(2018 midterm assignment)

Sample Student Midterm Answers 2018

#2a: Short Essay (Passage) (index)

LITR 4328
American Renaissance
 

 

Natalie Womble

Leaving no Moment Untouched: An Analysis of Scientific Reach in Poe’s Poetry

          For my short essay, I chose to analyze Edgar Allan Poe’s “Sonnet – To Science.” When mentioning Romantic authors, it is impossible to overlook Poe. His unique style and melodic poetry are certainly enough to captivate any reader. But in “Sonnet – To Science,” Poe’s style and melody are only partly culpable for the poem’s charm. Additionally, the poem employs an essence of mystery, nostalgic glorifying of memory, and an adamant belief in the search for life’s meaning to inspire a mystical range of emotions.  

          “Science! True daughter of Old Time thou art! / Who alterest all things with thy peering eyes. / Why preyest thou thus upon the poet’s heart? / Vulture, whose wings are dull realities” (1-4)? Poe cries out to science and asks of it where its motive lies in stripping life of glamour. His frustrations with beauty being dulled by science are illustrated in the first four lines and echoed in the subsequent sentences in which the poem asks how it might be able to find wisdom through science whenever the sheer majesty of a starry sky is alone completely spellbinding.

          The poem then transitions into themes of nostalgia in which ancient myths are revisited and their integrity questioned upon the introduction of science. Poe questions why science has stripped mythological parables of their meaning in its quest to simplify what was once supernatural. “Hast thou not dragged Diana from her car? / And driven the Hamadryad from the wood / To seek a shelter in some happier star? / Hast thou not torn the Naiad from her flood / the Elfin from the green grass” (9-13). The struggle with scientific truth robbing life of its ethereal beauty is clarified through Poe’s mention of each myth losing their meaning; the goddess Diana left without her chariot, the tree and water nymphs without forest or stream, dreams with no vision or home.

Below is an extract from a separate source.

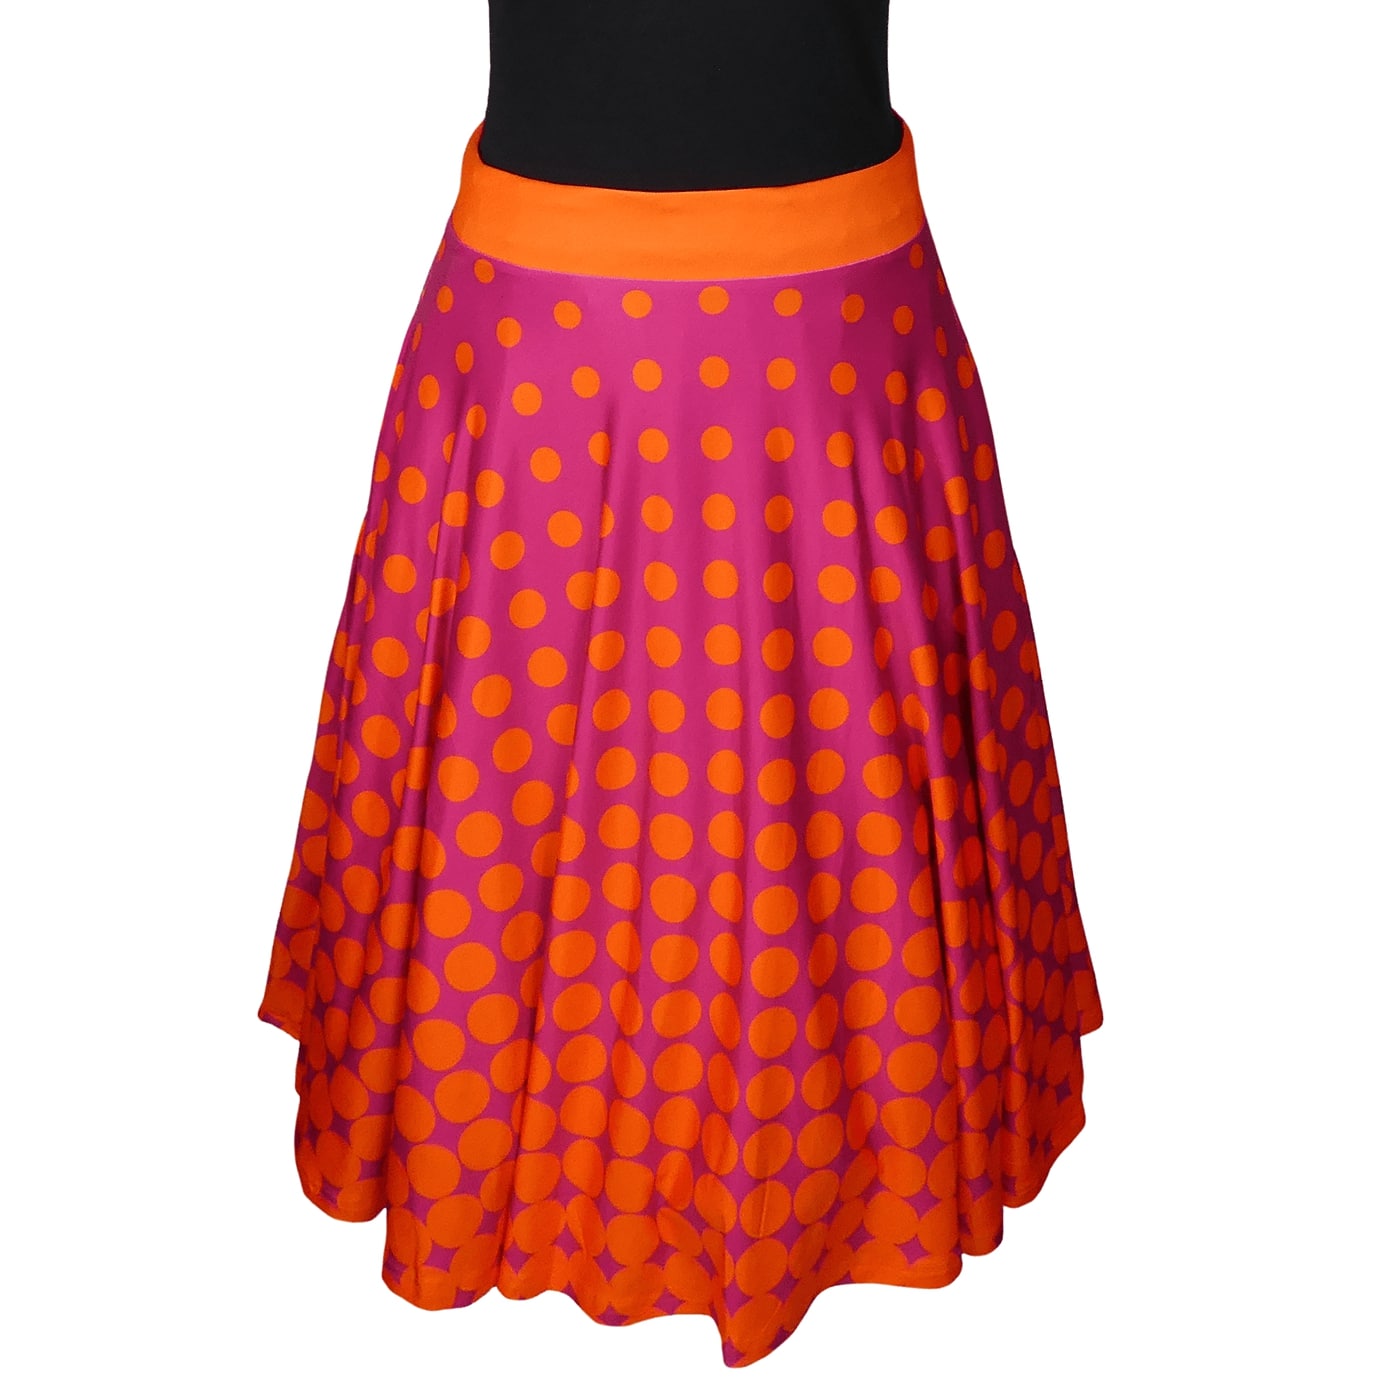 Sunrise Swishy Skirt by RainbowsAndFairies.com.au (Orange & Purple - Polka Dots - Psychedelic - Rockabilly - Circle Skirt With Pockets - Mod Retro) - SKU: CL_SWISH_SUNRS_ORG - Pic-01
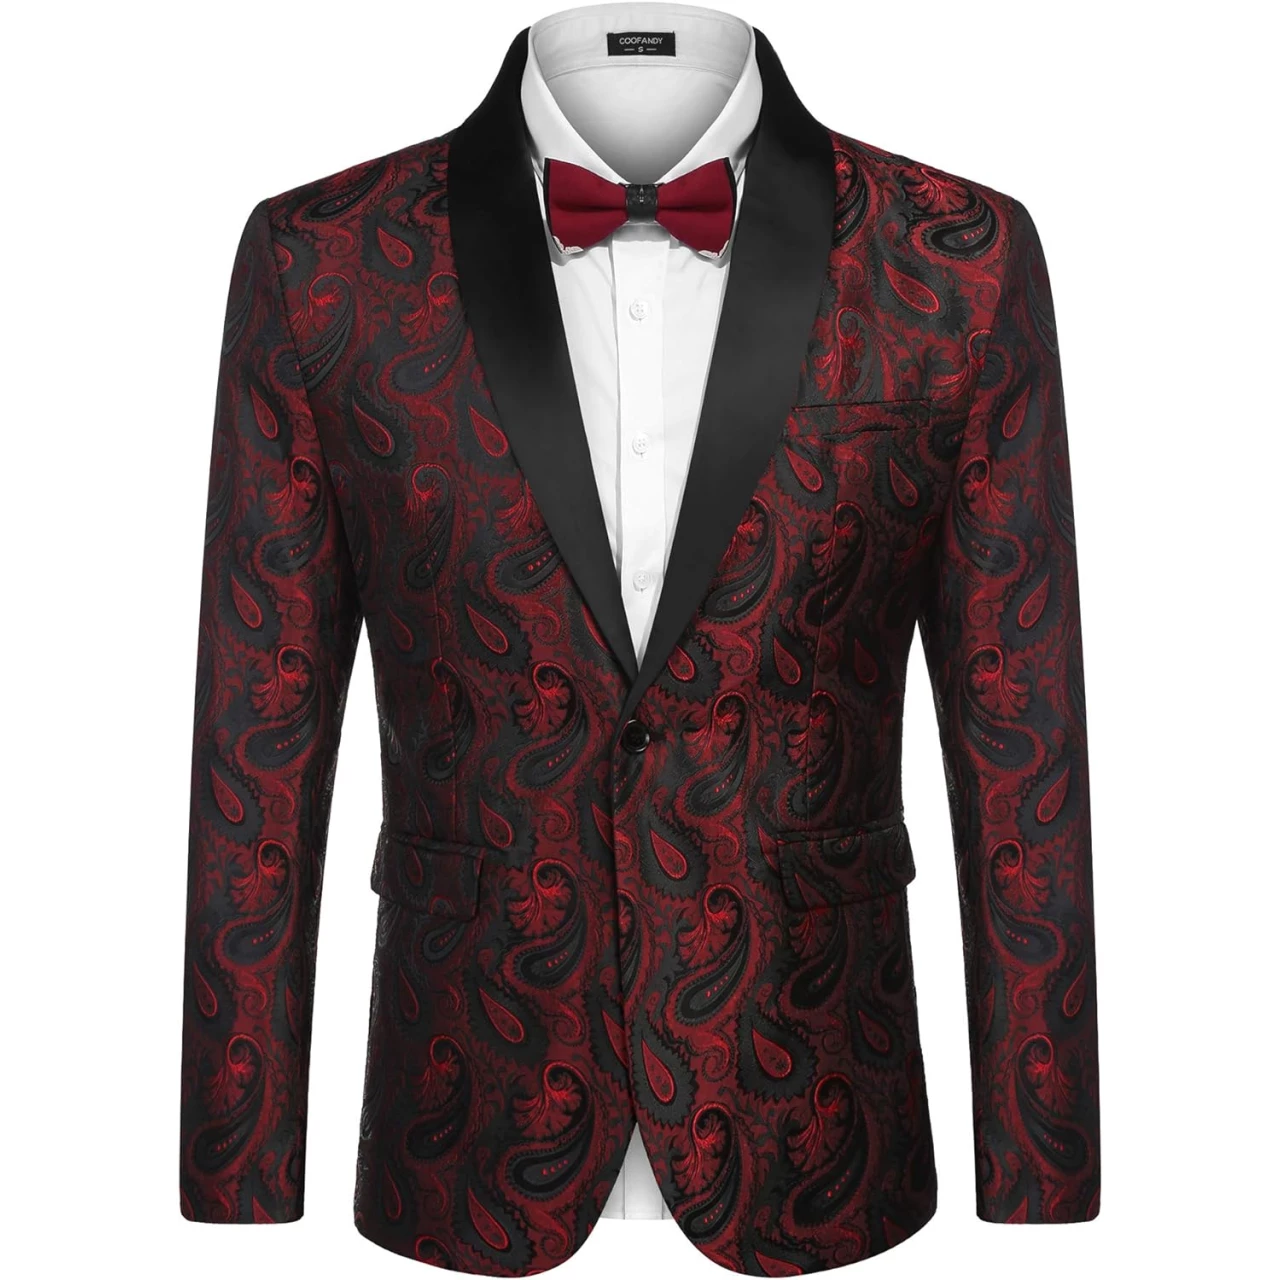 COOFANDY Mens Floral Tuxedo Jacket Paisley Shawl Lapel Suit Blazer Jacket for Dinner,Prom,Wedding

          Poe concludes his sonnet by taking all of what he questions of science and applying it on a personal, introspective level. He wonders, if all the beautiful things in myths can be destroyed, why should he believe that his own memories are safe from science’s cold sting? “and from me, / the summer dream beneath the tamarind tree” (13-14)? Can our own dreams be dampened, and our memories victimized by an enlightened explanation of things seemingly surreal? Ending on such a personal question emphasizes the power scientific truths have that they might be strong enough to steal the magic from even our own memories, leaving the reader both searching to validate experiences that felt otherworldly and fearful that exploring memories of those experiences might yield a loss of its supernatural qualities. Ironically, Poe’s sonnet of mourning the phenomenal elements lost to facts and data inspires a reverence and active search for the phenomenal in future texts, inciting a deep appreciation for life’s magic wherever one can find it.